→ Available data

##########

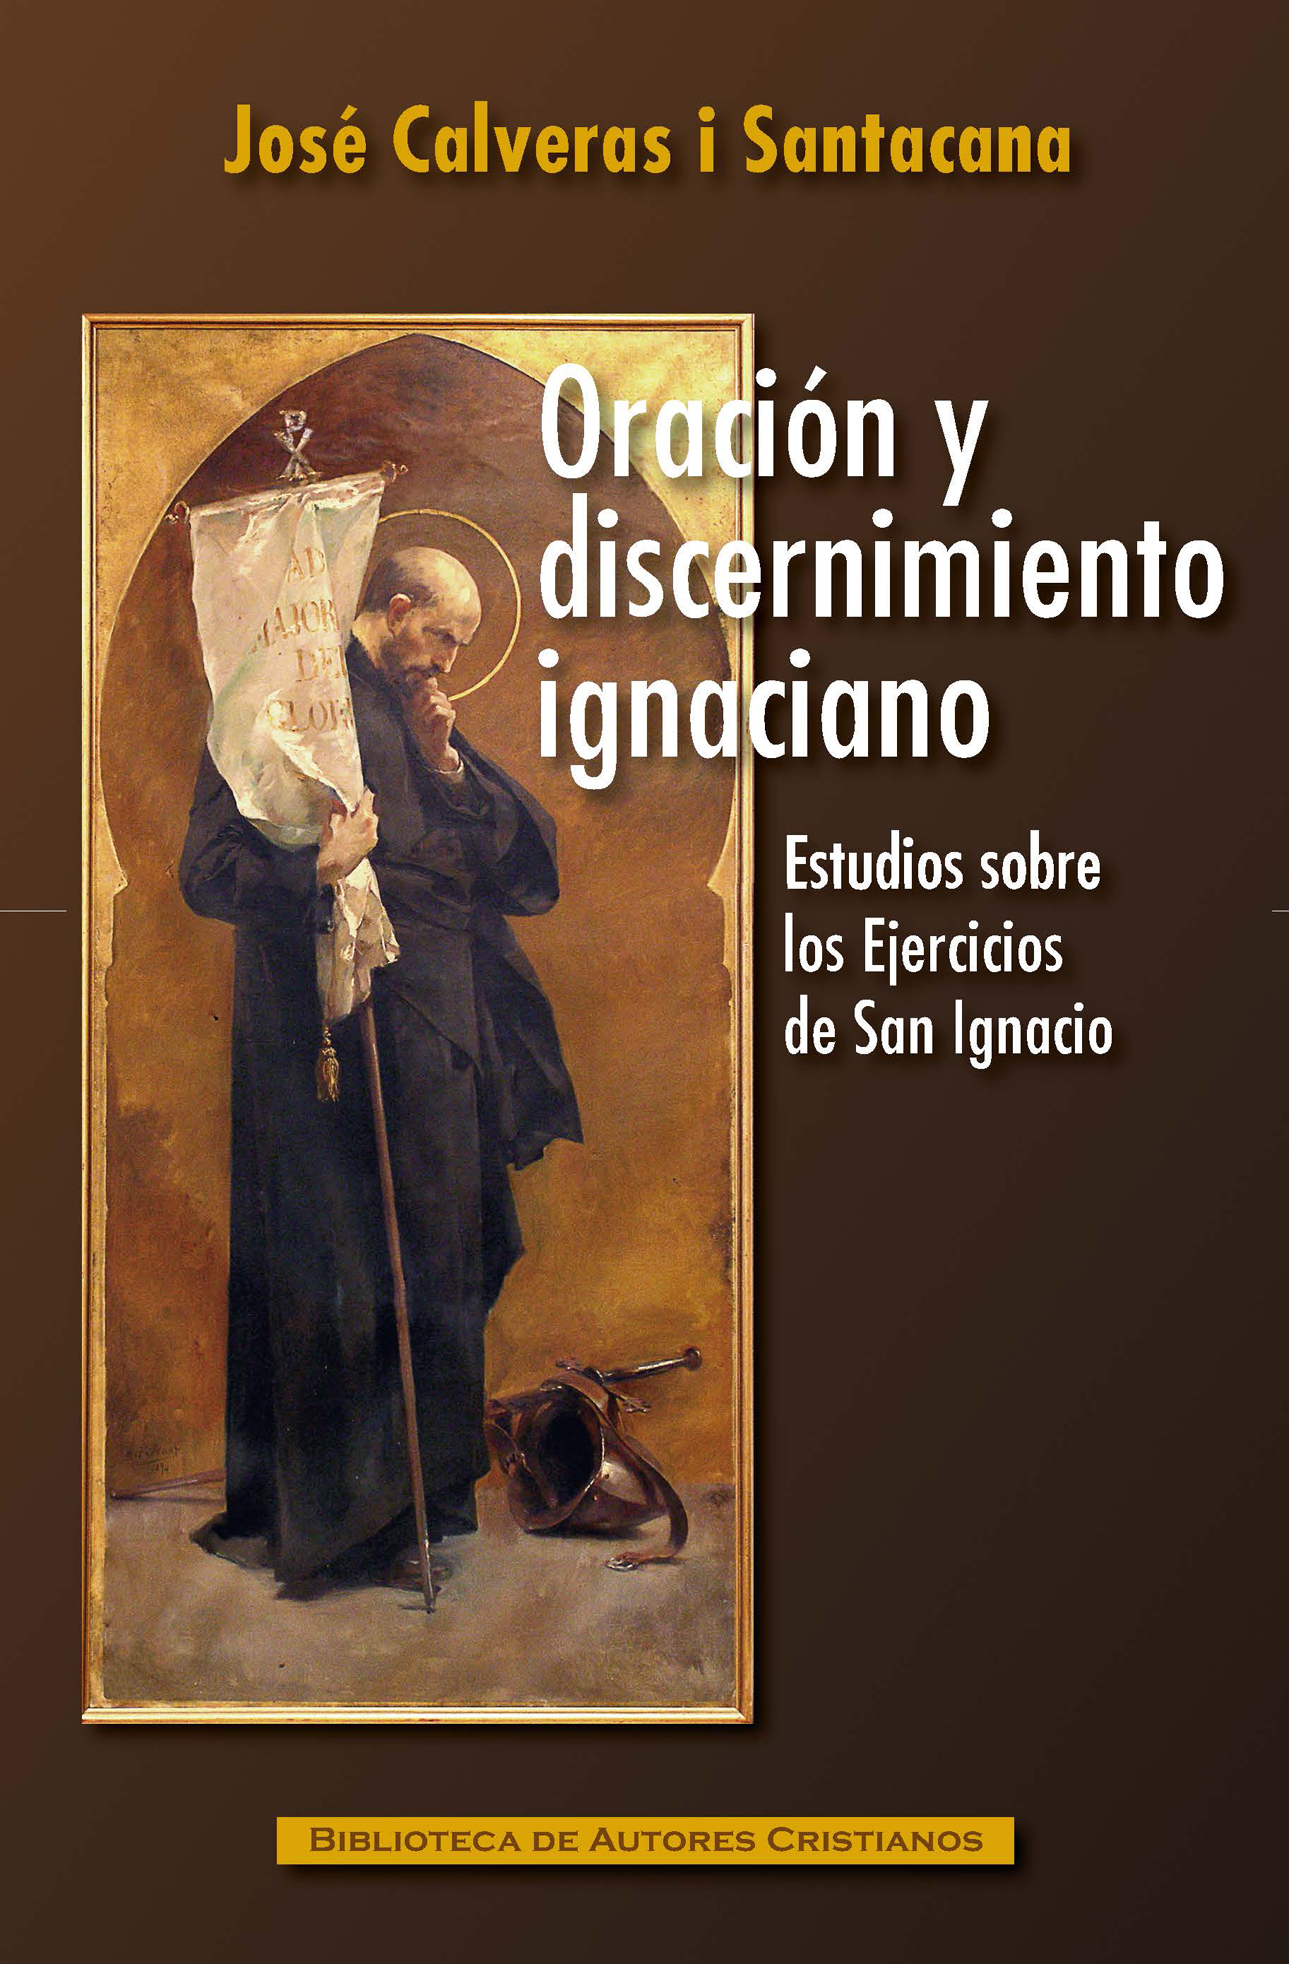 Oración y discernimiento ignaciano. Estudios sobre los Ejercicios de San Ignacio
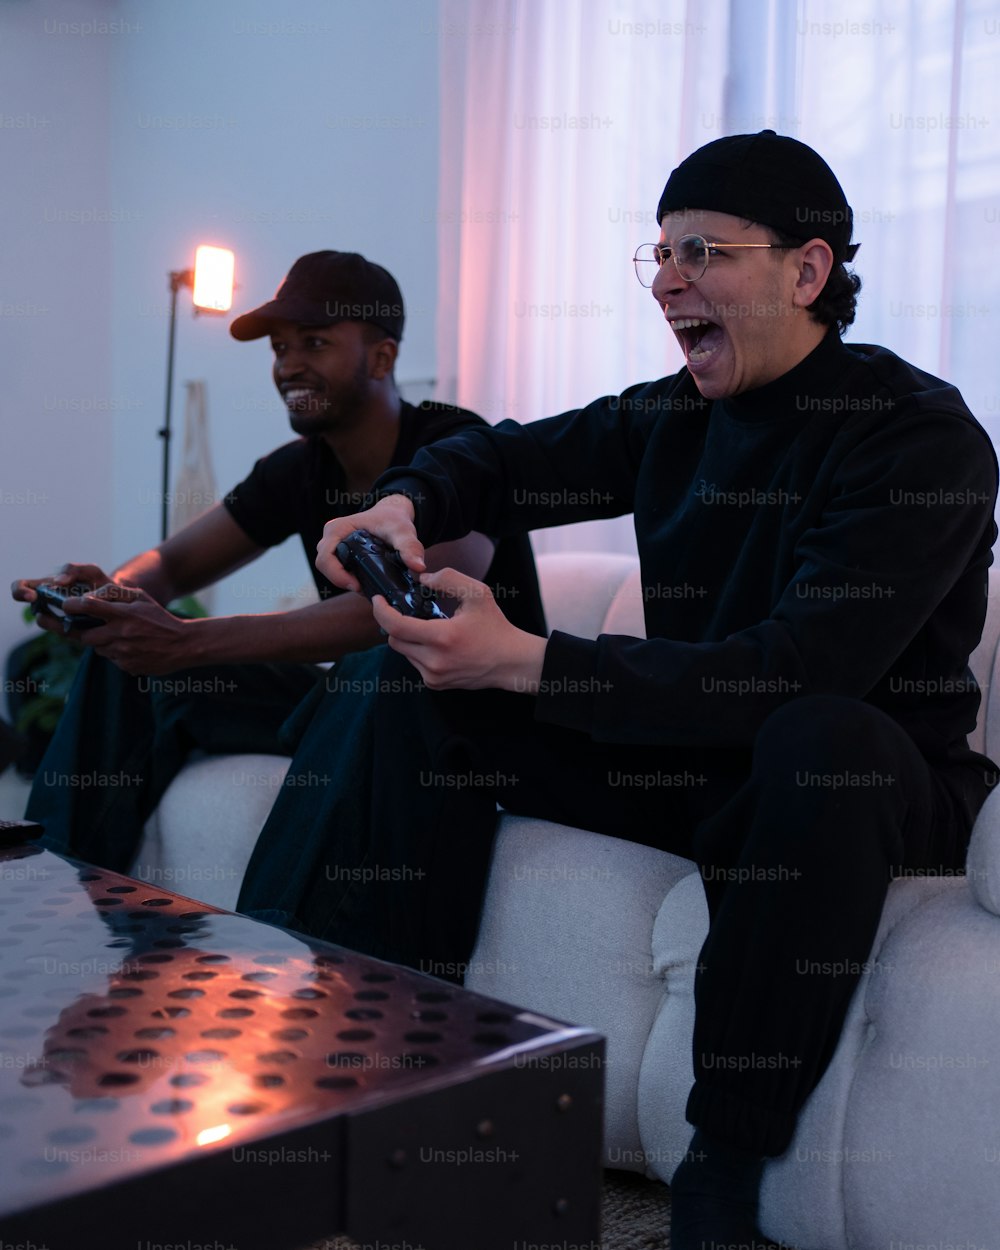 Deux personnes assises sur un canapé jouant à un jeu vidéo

##########

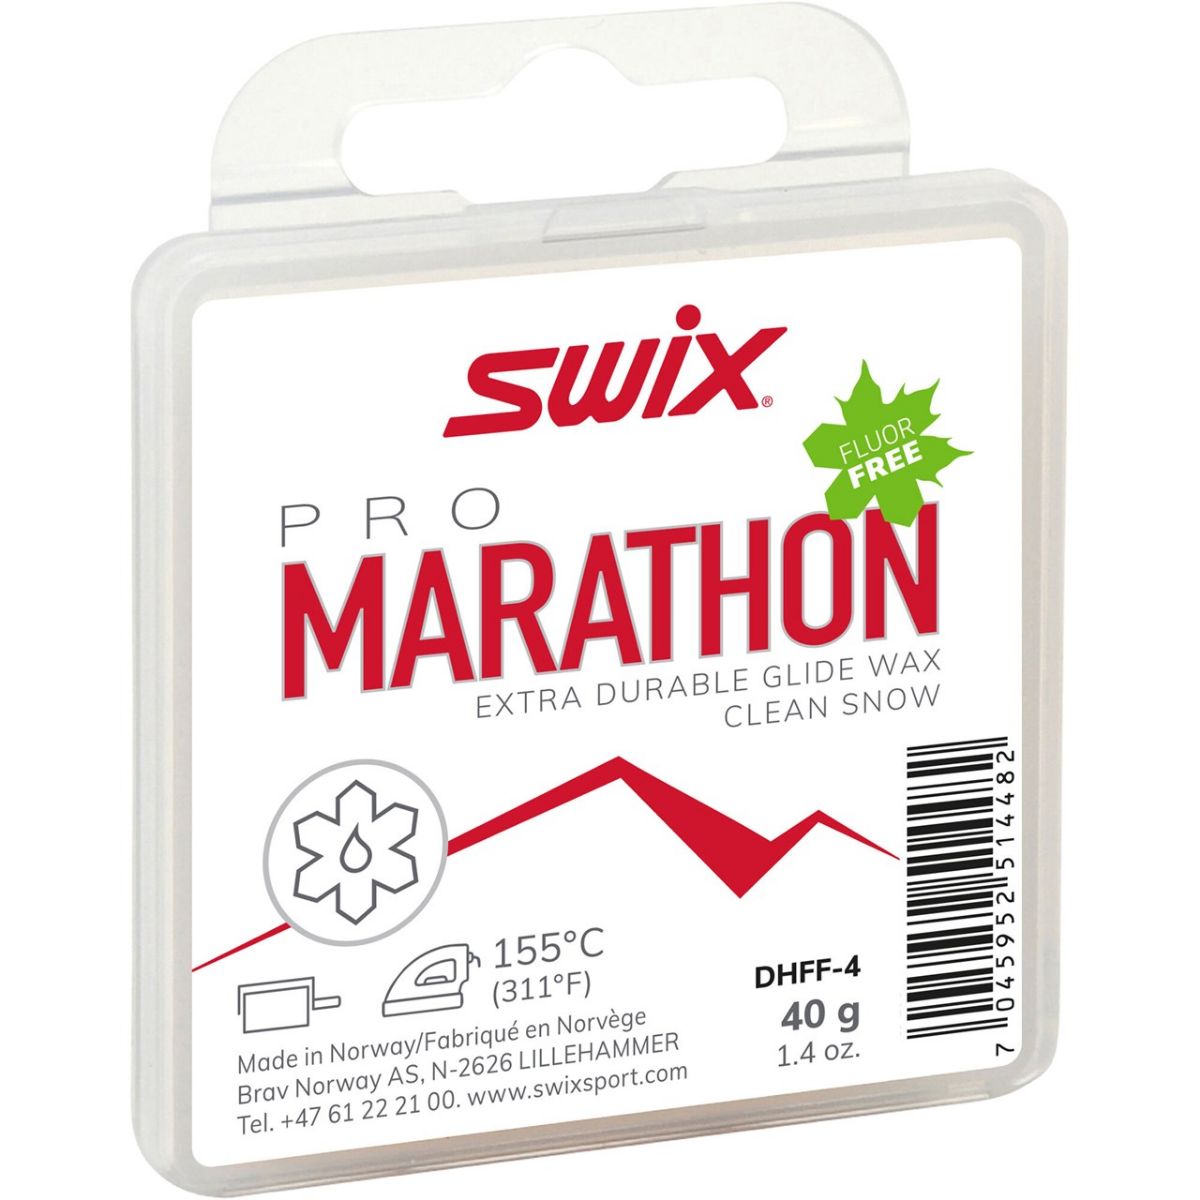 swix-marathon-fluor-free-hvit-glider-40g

##########

→ About this exercise
Print nothing but the lines above starting with the line that contains "Oración y discernimiento" and going on through the line that contains "Deux personnes assises". Leave out the pictures.

→ Result below
 Oración y discernimiento ignaciano. Estudios sobre los Ejercicios de San Ignacio
 Deux personnes assises sur un canapé jouant à un jeu vidéo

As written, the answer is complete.